Белоград открыл глаза. Увидел перед собой перепачканную сажей испуганную рожу бойца и отключился снова.

Маслевич облегчённо вздохнул. Неуверенным движением, опасаясь принести боль, он размазал ладонью струйку крови, вытекающую из уха сержанта, и забормотал нечленораздельно:

– Ну и хорошо… Ну и ладненько…

Что делать дальше, он не знал. В положении, когда все зависит только от него самого, Маслевич оказался впервые. Охваченный отчаянием и растерянностью он бросился к пулемету. Даже не понимая, зачем, Мася сделал очередь, не глядя, в сектор обстрела и вернулся обратно. Тоже оглушенный НУРСами он не услышал, скорее, почувствовал: над головой пролетели вертушки.

Белоград замычал:

– Ды…ым.

Маслевич прочитал по губам и вспомнил, что говорил Белоград перед взрывом:

– Ага… Ага… Ага… Ща я его. Ща…

Трясущимися руками он отыскал в вещмешке заряд оранжевого сигнального дыма, дернул за кольцо и отшвырнул в сторону. Снова вернулся к пулемету. Выпустил очередь в сторону ДШК, затем вниз по склону, бросил ПКМ стволом в небо и вернулся к Белограду. Опасаясь прикоснуться к сержанту, он упал перед ним на колени и вперемежку с рыданиями громко закричал:

– Товарищ сержант! Нельзя сейчас… Ну, товарищ сержант…

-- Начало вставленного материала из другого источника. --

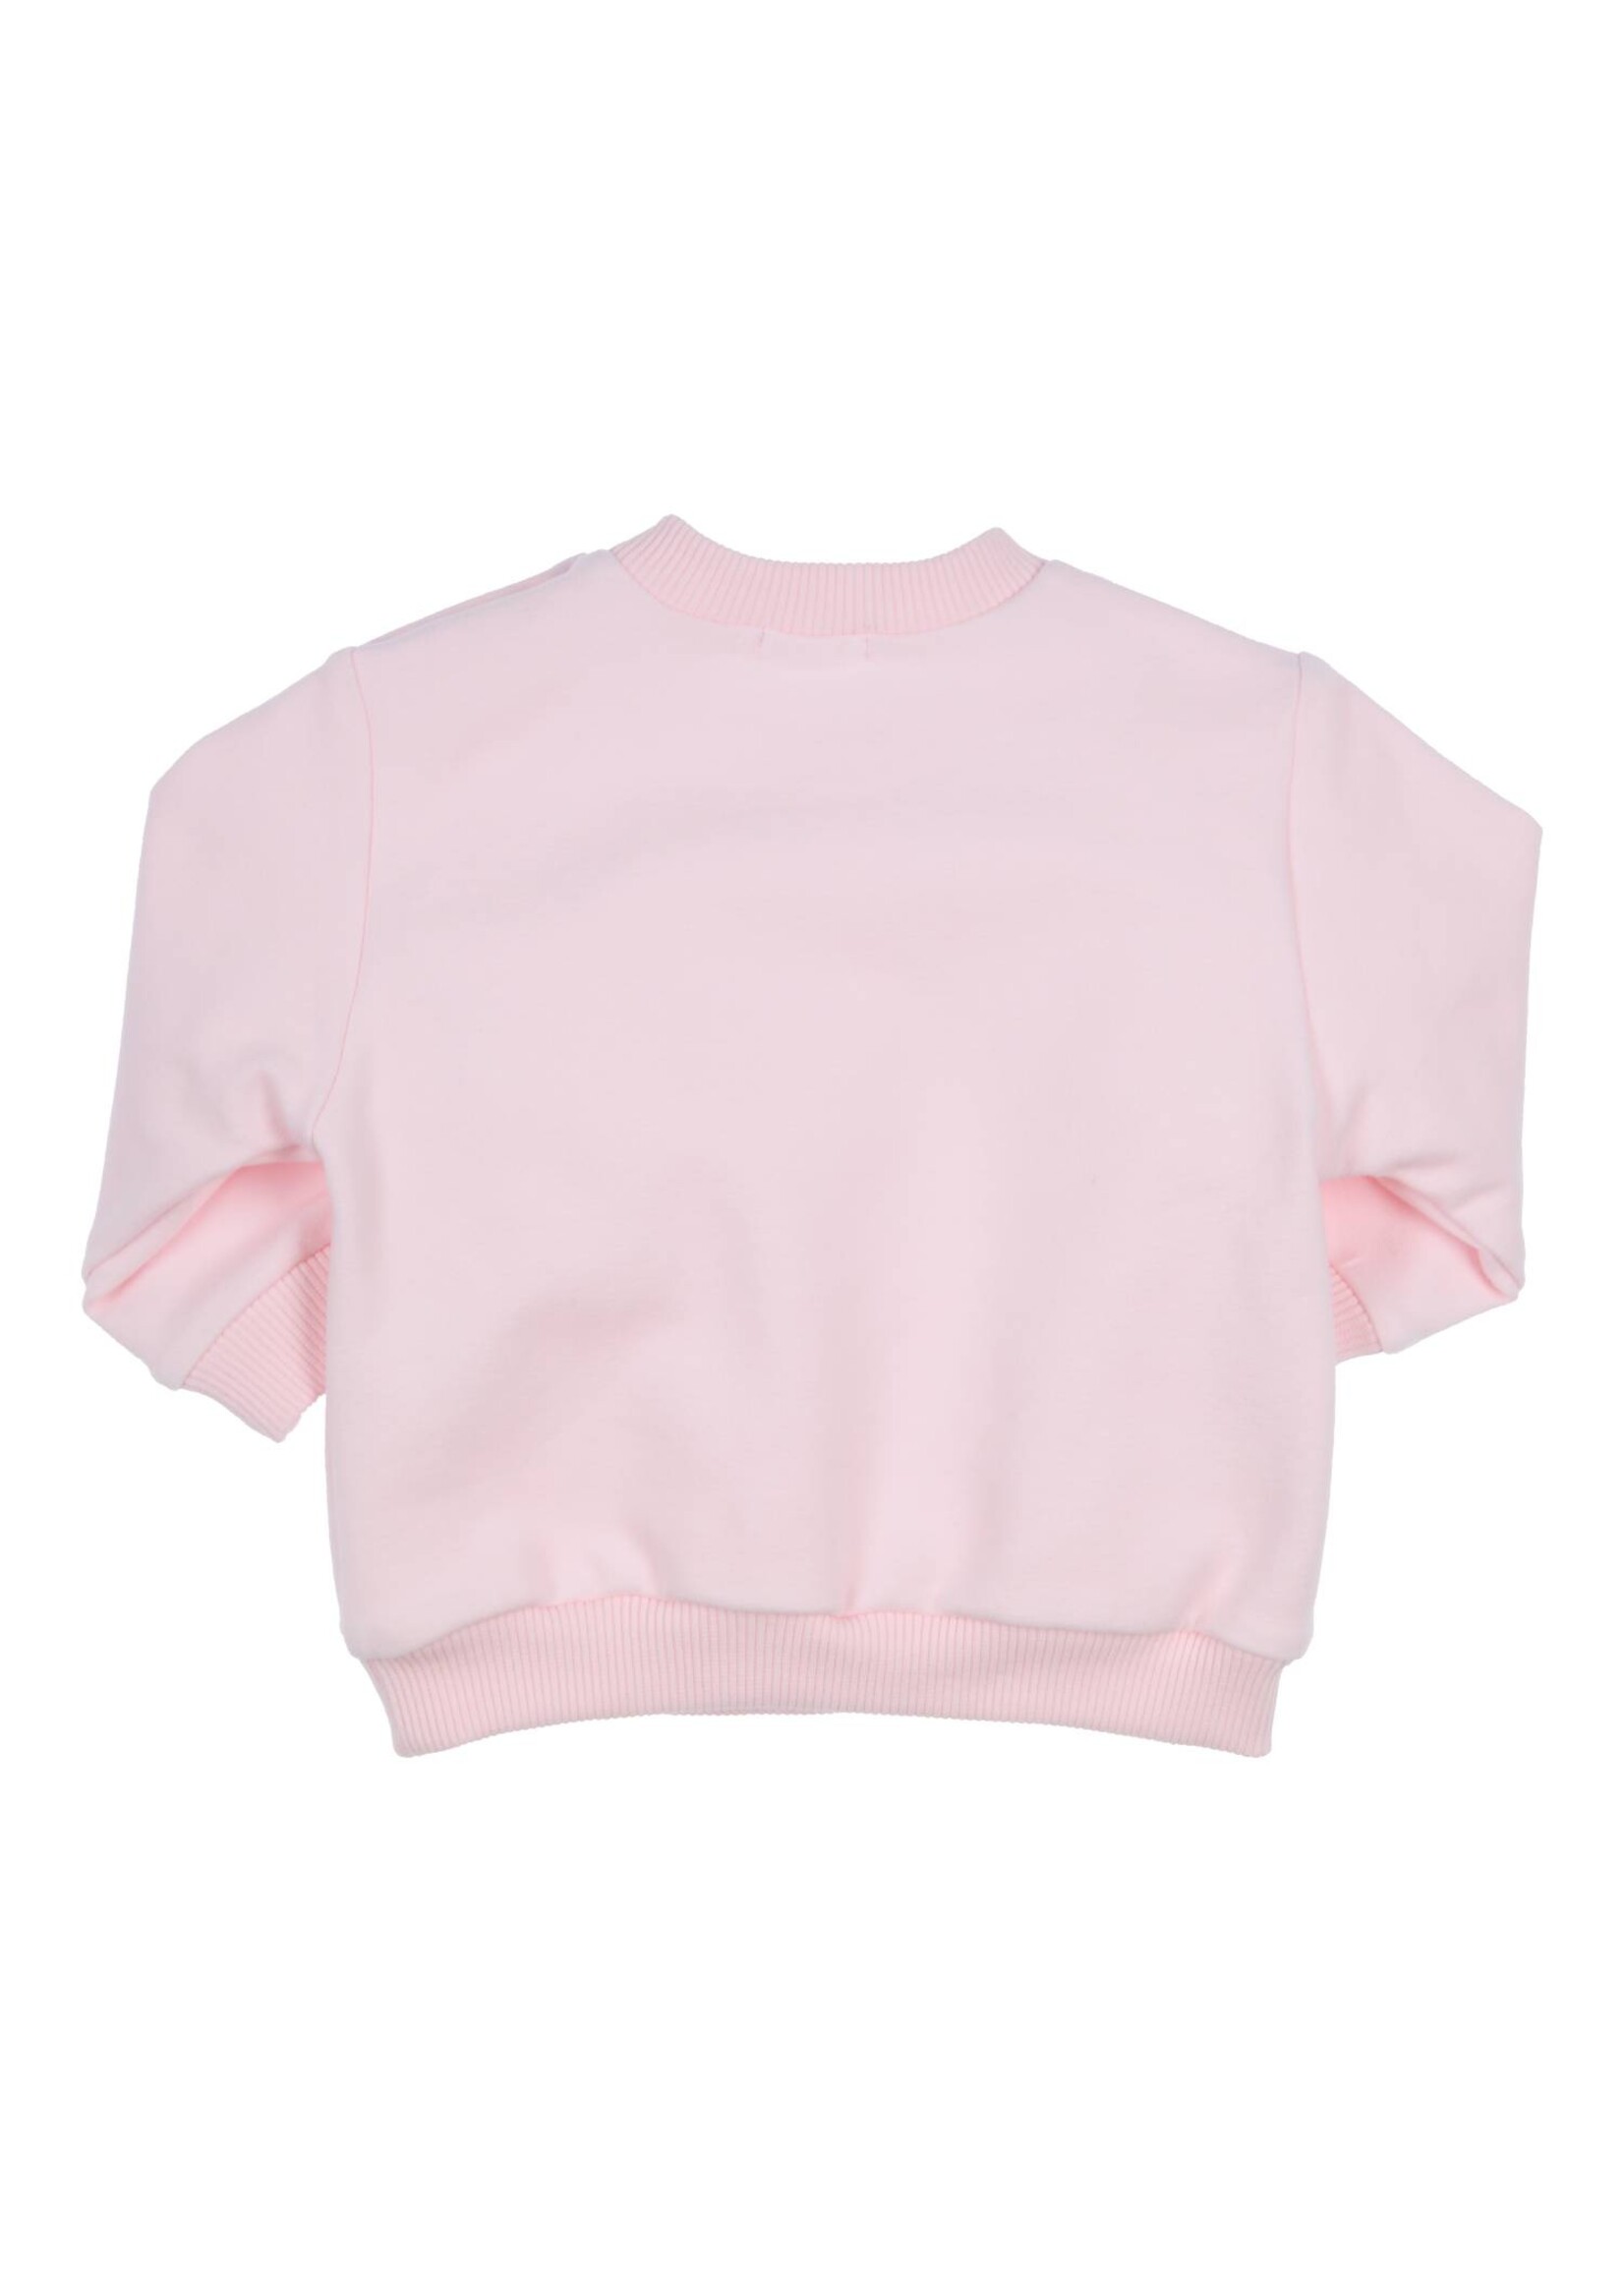 Gymp Girls Sweater Carbon 352-4424-10 Old Rose

Белоград не слышал. В ушах стоял непрекращающийся звон.

Скорее, чтобы сориентироваться, он открыл глаза, облизнул потрескавшиеся губы и, превозмогая боль, промолвил:

– А ты думал, я тебя здесь без присмотра оставлю? Ну, ты и шланговик, душара…

– Виноват, товарищ сержант! Виноват! Я не буду больше… Только не надо сейчас… Только не надо…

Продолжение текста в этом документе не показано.